Load Datasets¶
You can upload individual datasets through the CKAN front-end, but for importing datasets on masse, you have two choices:
- Import Data with the CKAN API. You can use the CKAN API to script import. To simplify matters, we offer provide standard loading scripts for Google Spreadsheets, CSV and Excel.
- Import Data with the Harvester Extension. The CKAN harvester extension provides web and command-line interfaces for larger import tasks.
If you need advice on data import, contact the ckan-dev mailing list.
Note
If loading your data requires scraping a web page regularly, you may find it best to write a scraper on ScraperWiki and combine this with either of the methods above.
Import Data with the CKAN API¶
You can use the CKAN API to upload datasets directly into your CKAN instance.
The Simplest Approach - CKAN API¶
The simplest way to automate dataset loading is with a Python script using CKAN’s API. Here’s an example script to create a new dataset:
#!/usr/bin/env python
import urllib2
import urllib
import json
import pprint
# Put the details of the dataset we're going to create into a dict.
dataset_dict = {
'name': 'my_dataset_name',
'notes': 'A long description of my dataset',
}
# Use the json module to dump the dictionary to a string for posting.
data_string = urllib.quote(json.dumps(dataset_dict))
# We'll use the package_create function to create a new dataset.
request = urllib2.Request(
'http://www.my_ckan_site.com/api/action/package_create')
# Creating a dataset requires an authorization header.
# Replace *** with your API key, from your user account on the CKAN site
# that you're creating the dataset on.
request.add_header('Authorization', '***')
# Make the HTTP request.
response = urllib2.urlopen(request, data_string)
assert response.code == 200
# Use the json module to load CKAN's response into a dictionary.
response_dict = json.loads(response.read())
assert response_dict['success'] is True
# package_create returns the created package as its result.
created_package = response_dict['result']
pprint.pprint(created_package)
Loader Scripts¶
‘Loader scripts’ provide a simple way to take any format metadata and bulk upload it to a remote CKAN instance.
Essentially each set of loader scripts converts the dataset metadata to the standard ‘dataset’ format, and then loads it into CKAN.
To get a flavour of what loader scripts look like, take a look at the ONS scripts.
Loader Scripts for CSV and Excel¶
For CSV and Excel formats, the SpreadsheetPackageImporter (found in ckanext-importlib/ckanext/importlib/spreadsheet_importer.py) loader script wraps the file in SpreadsheetData before extracting the records into SpreadsheetDataRecords.
SpreadsheetPackageImporter copes with multiple title rows, data on multiple sheets, dates.
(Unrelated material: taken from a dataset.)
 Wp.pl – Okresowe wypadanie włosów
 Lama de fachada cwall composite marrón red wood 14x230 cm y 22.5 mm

The loader can reload datasets based on a unique key column in the spreadsheet, choose unique names for datasets if there is a clash, add/merge new resources for existing datasets and manage dataset groups.
Loader Scripts for Google Spreadsheets¶
The SimpleGoogleSpreadsheetLoader class (found in ckanclient.loaders.base) simplifies the process of loading data from Google Spreadsheets (there is an additional dependency on the gdata Python package).
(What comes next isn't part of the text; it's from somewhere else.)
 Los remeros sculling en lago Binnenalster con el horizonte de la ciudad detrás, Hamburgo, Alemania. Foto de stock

This script has a simple example of loading data from Google Spreadsheets.
Write Your Own Loader Script¶
## this needs work ##
First, you need an importer that derives from PackageImporter (found in ckan/lib/importer.py). This takes whatever format the metadata is in and sorts it into records of type DataRecord.
Next, each DataRecord is converted into the correct fields for a dataset using the record_2_package method. This results in dataset dictionaries.
The PackageLoader takes the dataset dictionaries and loads them onto a CKAN instance using the ckanclient. There are various settings to determine:
- ##how to identify the same dataset, previously been loaded into CKAN.## This can be simply by name or by an identifier stored in another field.
- how to merge in changes to an existing datasets. It can simply replace it or maybe merge in resources etc.
The loader should be given a command-line interface using the Command base class (ckanext/command.py).
You need to add a line to the CKAN setup.py (under [console_scripts]) and when you run python setup.py develop it creates a script for you in your Python environment.
Import Data with the Harvester Extension¶
The CKAN harvester extension provides useful tools for more advanced data imports.
These include a command-line interface and a web user interface for running harvesting jobs.
To use the harvester extension, create a class that implements the harvester interface <https://github.com/okfn/ckanext-harvest/blob/master/ckanext/harvest/interfaces.py> derived from the base class of the harvester extension.
For more information on working with extensions, see Add Extensions.